Simon Petru Cristofini (1903–1943), also known as Pietro Simone Cristofini (), was a Corsican soldier who commanded the Phalange Africaine during World War II and was executed for treason by the French authorities because of his support to Italian irredentism in Corsica during the Italian occupation of Corsica.

Biography

Early life 
Cristofini was born in Calenzana, Haute-Corse on 26 May 1903.

World War II 
In 1939 became a Captain of the 3rd Algerian Tirailleurs Regiment. He was initially a supporter of Marshal Philippe Pétain.

Allied forces landed in French Morocco and Algeria in November 1942. Immediately, German and Italian reinforcements landed in French Tunisia and on 14 November the idea of an African Phalange was mooted in Paris with the support of the Third Reich Ambassador Otto Abetz.
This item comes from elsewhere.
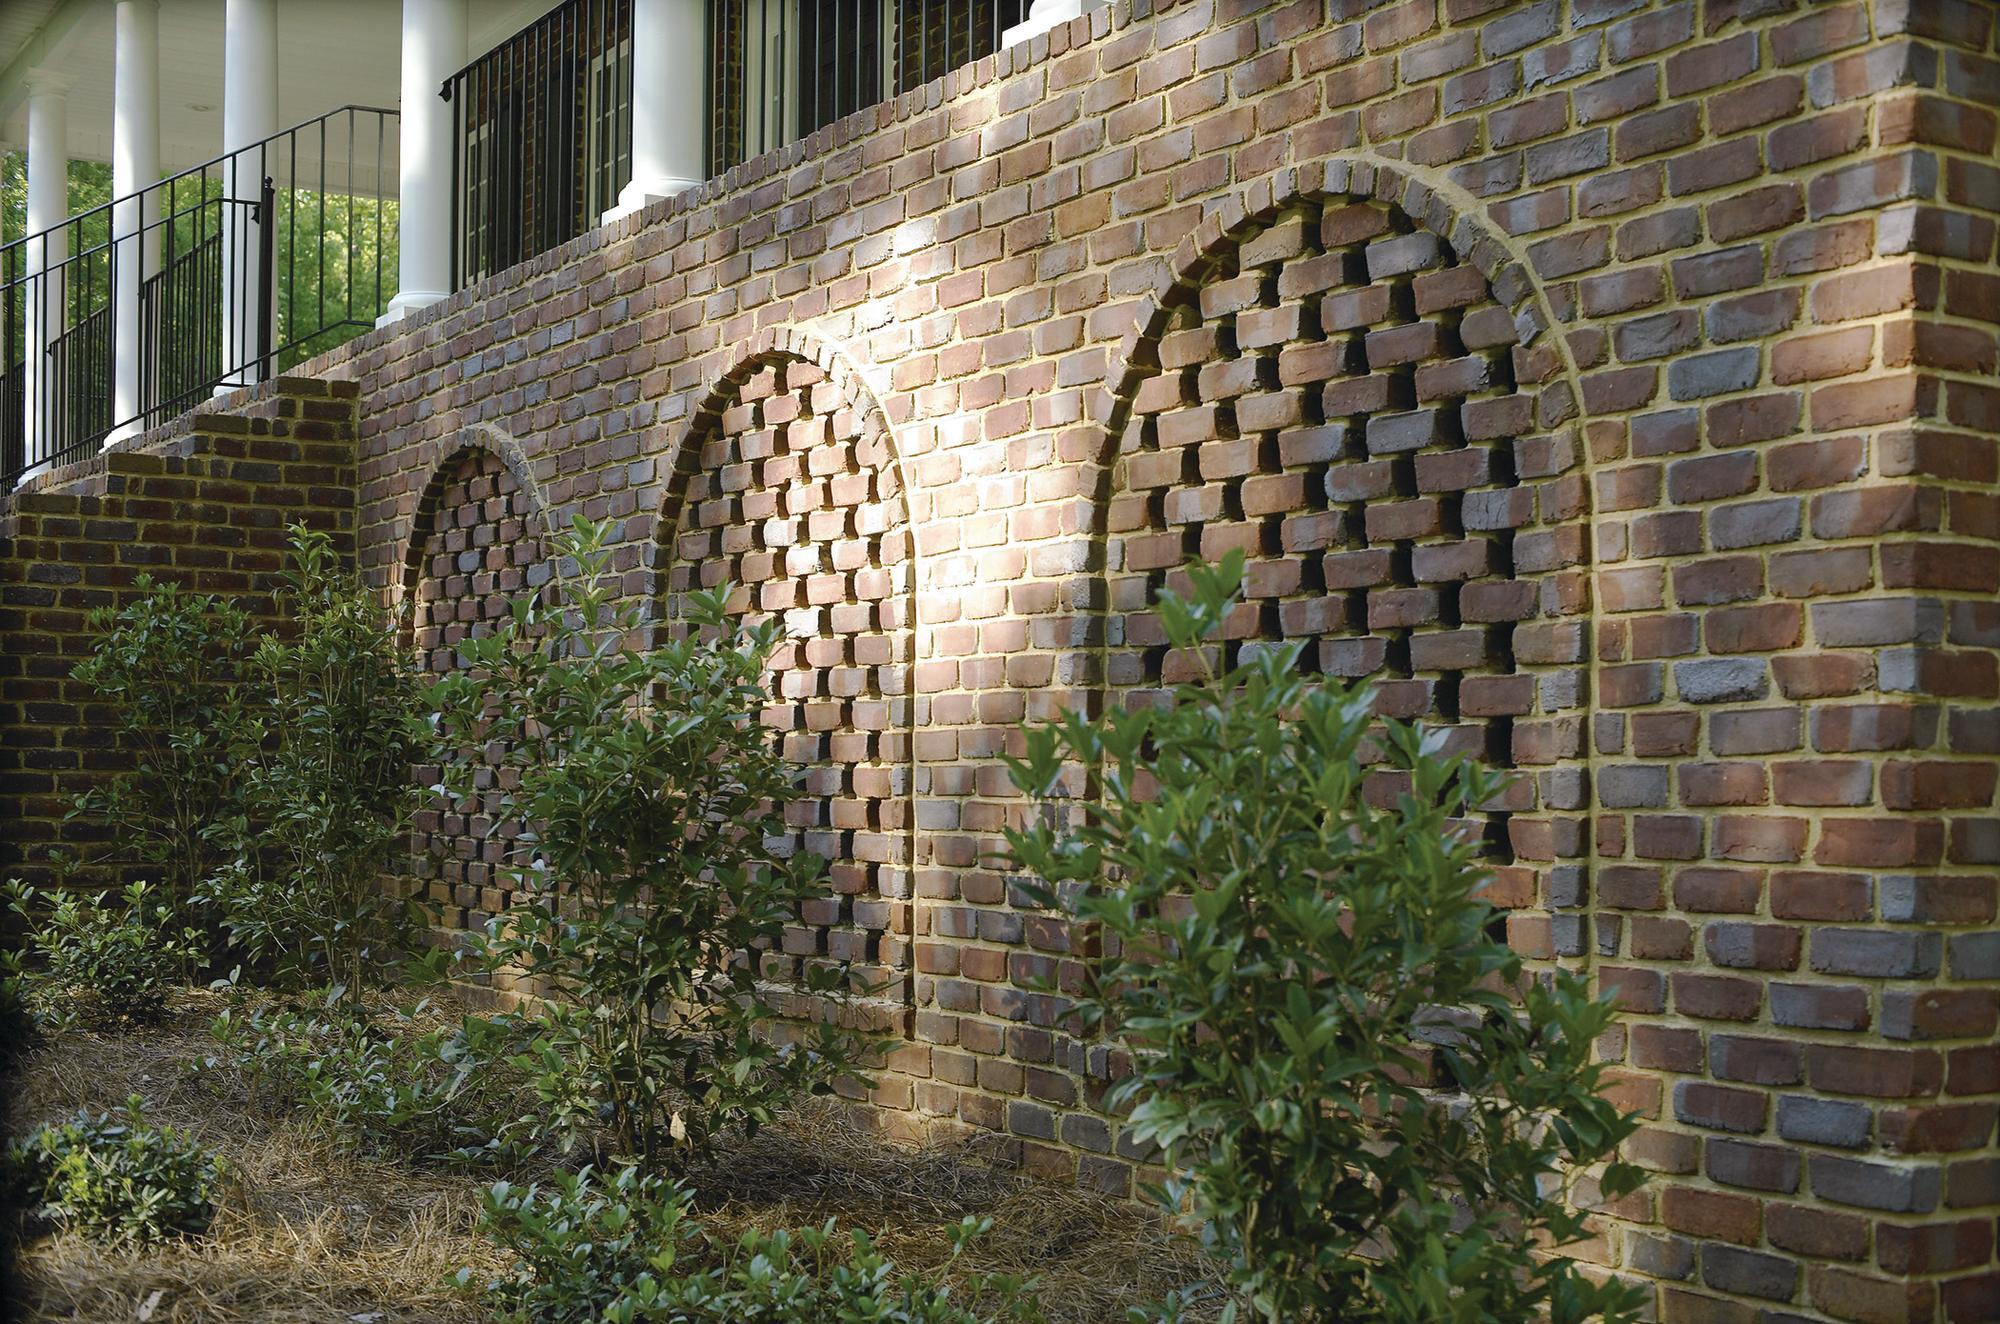 Boral Bricks 17th Century Bricks Collection Remodeling

In December, German authorities approved the plan and 330 volunteers were recruited under the command of Cristofini. The troops trained at the Bordj-Ceda camp and a 210 man company, called Franzosische Freiwilligen Legion, was eventually incorporated into the 2nd Battalion, 754th Panzer Grenadier Regiment, part of the 5th Panzerarmee.

In Tunisia Cristofini was wounded in one eye. Before returning to Corsica he met Benito Mussolini in Rome.

Colonel Cristofini was a supporter of the union of Corsica with Italy and defended irredentist ideals. He actively collaborated with Italian forces in Corsica during the first months of 1943 and worked with Petru Giovacchini, the possible governor of Corsica if the Axis had won the war). Cristofini, as head of the Vichy troops in Ajaccio helped the Italian Army to repress Resistance opposition in Corsica before the Italian Armistice in September 1943.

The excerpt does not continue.